- Theatrical release poster
- Directed by: Joseph Anthony
- Screenplay by: Edmund Beloin Maurice Richlin Sidney Sheldon
- Story by: Owen Elford (play) Margit Veszi
- Produced by: Hal Wallis
- Starring: Dean Martin< Shirley MacLaine Cliff Robertson Charles Ruggles
- Cinematography: Joseph LaShelle
- Edited by: Howard A. Smith
- Music by: André Previn
- Production company: Wallis-Hazen
- Distributed by: Paramount Pictures
- Release date: March 22, 1961;
- Running time: 94 minutes
- Country: United States
- Language: English
- Box office: $2.2 million

= All in a Night's Work (film) =

1961 film

All in a Night's Work is a 1961 American Technicolor romantic screwball comedy film directed by Joseph Anthony and starring Dean Martin and Shirley MacLaine.

==Plot==
Tony Ryder's uncle, the wealthy publisher of magazines, has just died. The young playboy Tony inherits the paper but is left with a board of directors that thinks he's unsuited for the task, plus a hotel detective who thinks Tony should know about a girl who was seen running away from his uncle's Palm Beach hotel room, wearing nothing but a Turkish towel and an earring, on the night of his death.

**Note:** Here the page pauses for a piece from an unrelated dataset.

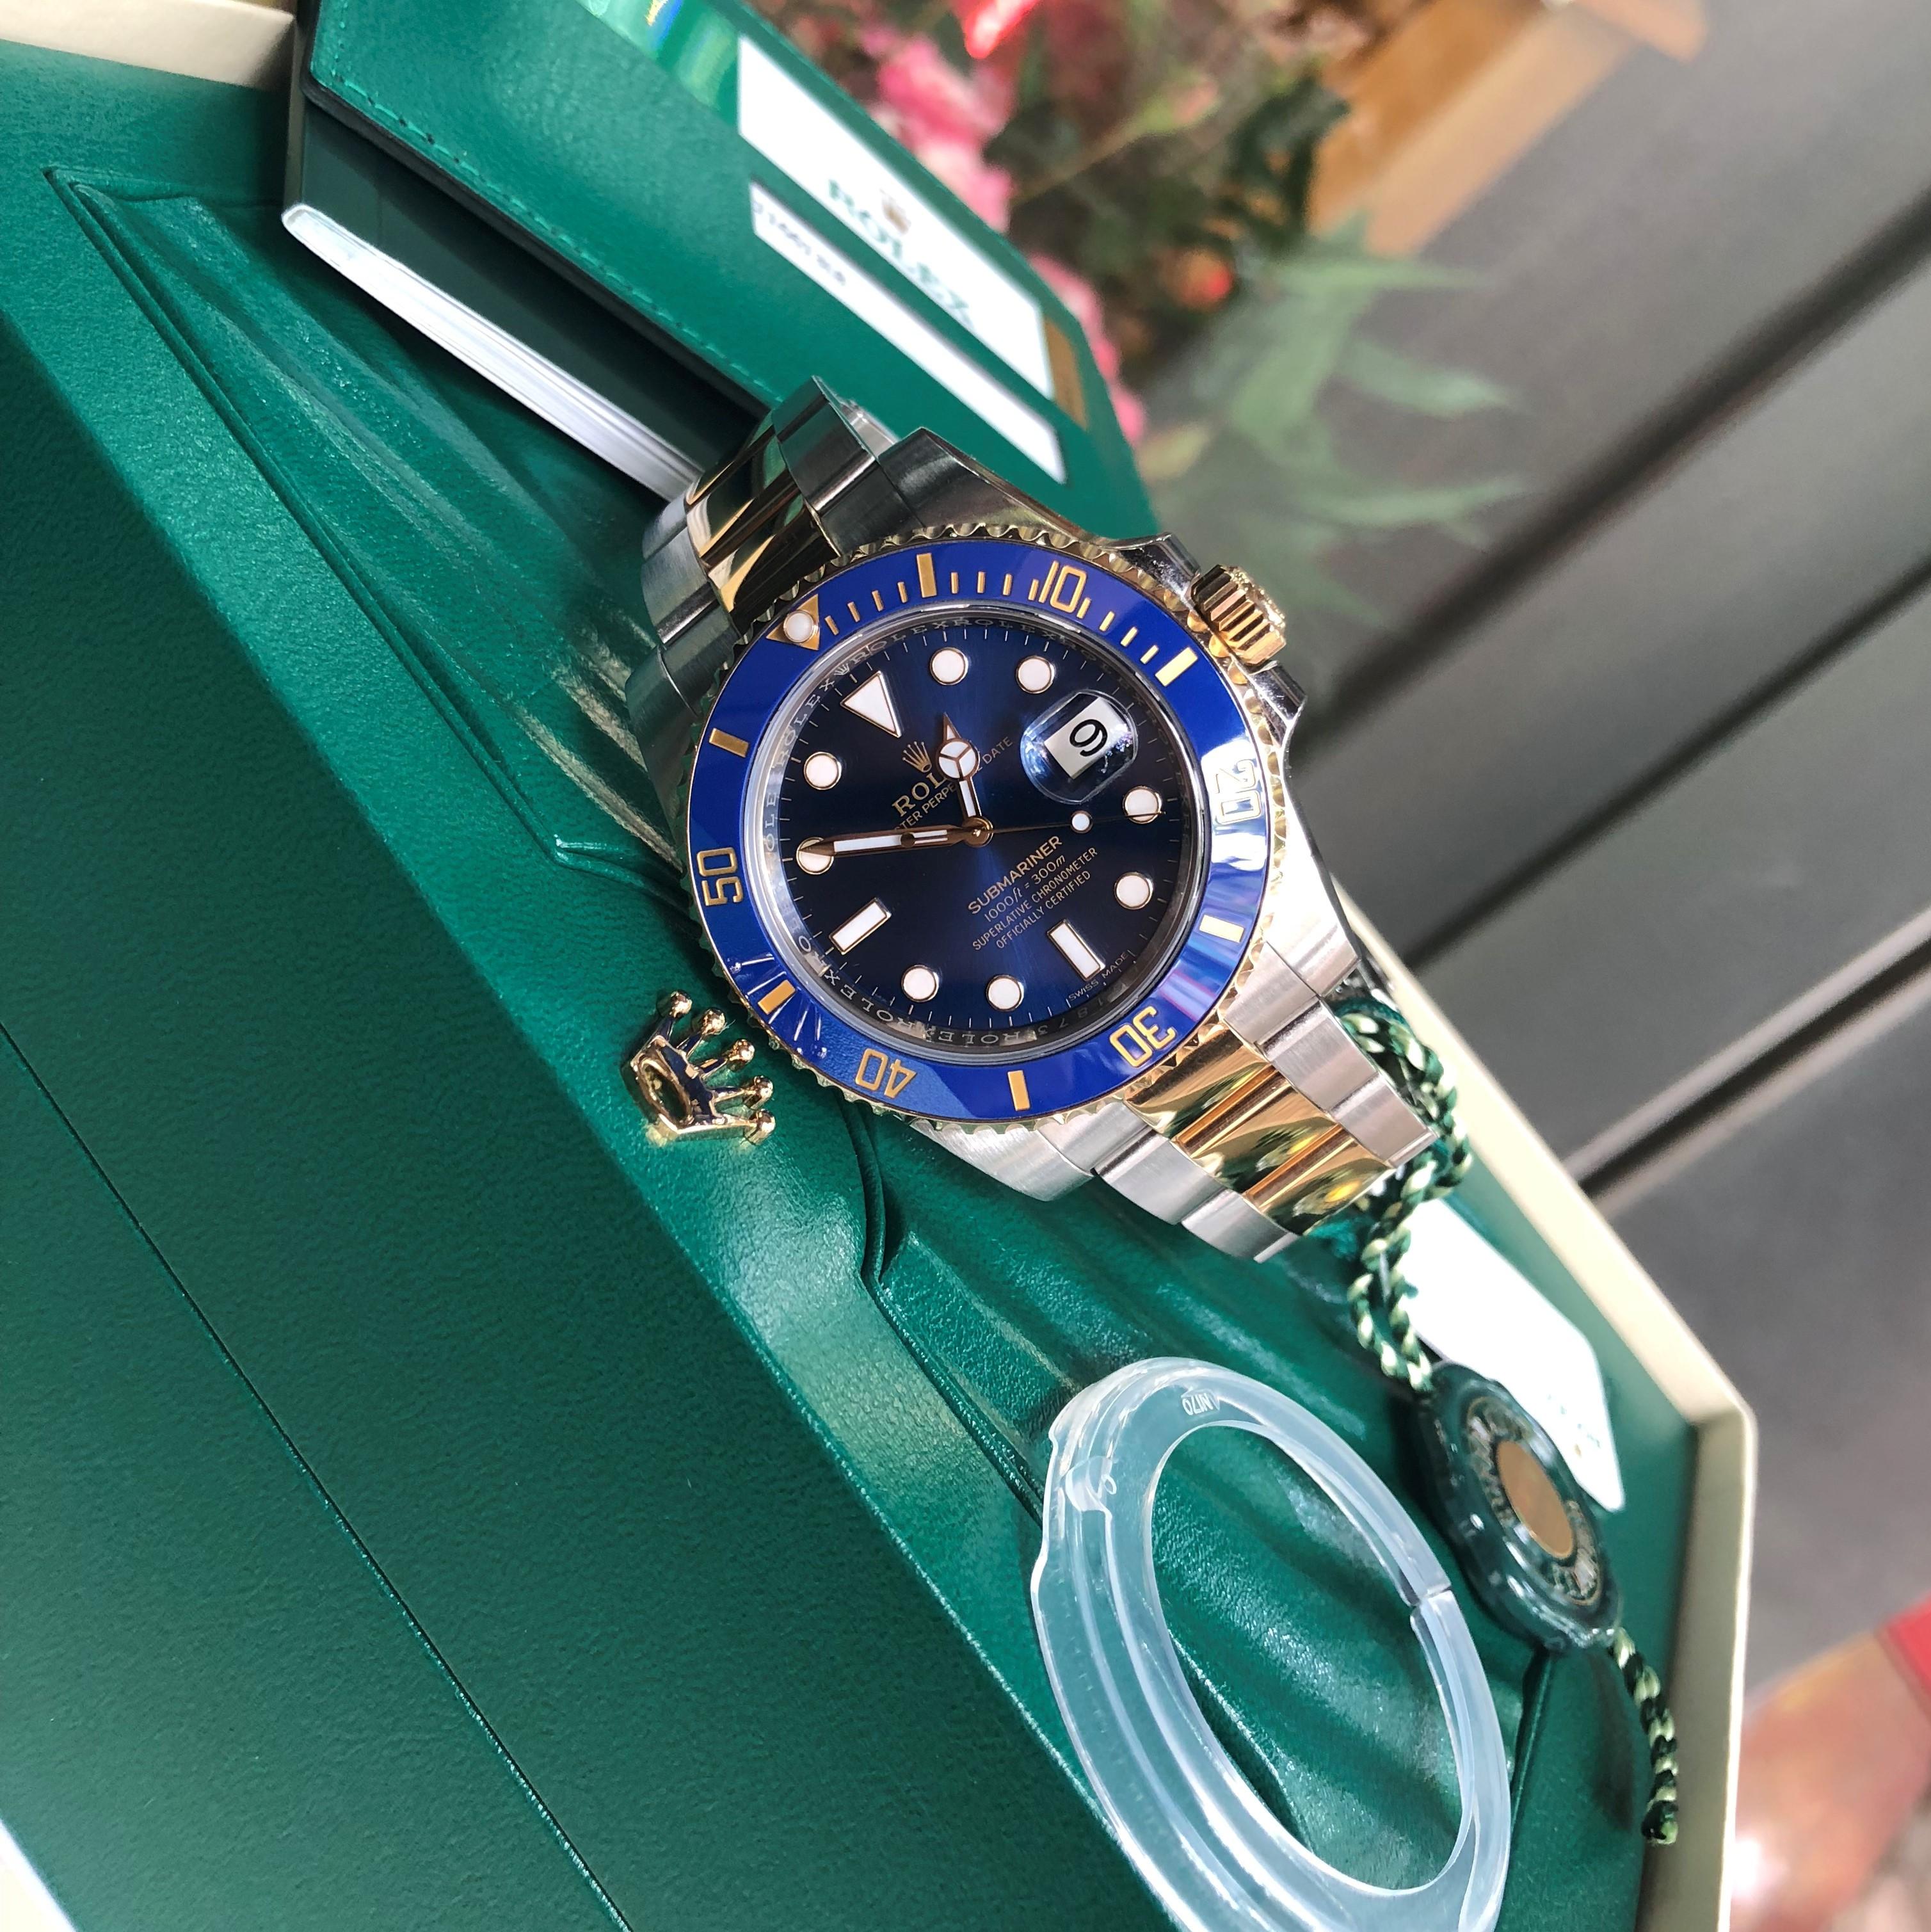 Rolex 116613 mặt xanh dương demi 18k Fullbox đời 2018

Tony discovers that the young lady in question, Katie Robbins, is employed in his own research department. The board decrees that he must send in the detective to watch her and head off any attempts at blackmail. But the more time Tony spends trying to get Katie to open up about what her relationship to his uncle was, the less he cares. Complications ensue in the form of Ms. Robbins's fiancé—he's a strait-laced veterinarian—and the board's insistence that Katie be silenced at all costs.

Tony goes as far as kidnapping a dog off the street, so he can gain access to Kingsley's veterinary clinic and size him up. When the dog's muscular owner appears, Tony beats a hasty retreat and leaves Kingsley to take the heat.

When Kingsley's strait-laced parents come to New York to meet Katie, they quickly discover her inability to cook and her low tolerance for alcohol. The father, somewhat henpecked, secretly enjoys a grand tour of Manhattan's nightspots.

Kingsley Jr. is exposed as an unworthy "Mamma's Boy", and Tony demonstrates his loyalty by proposing to Katie in a crowded elevator of strangers.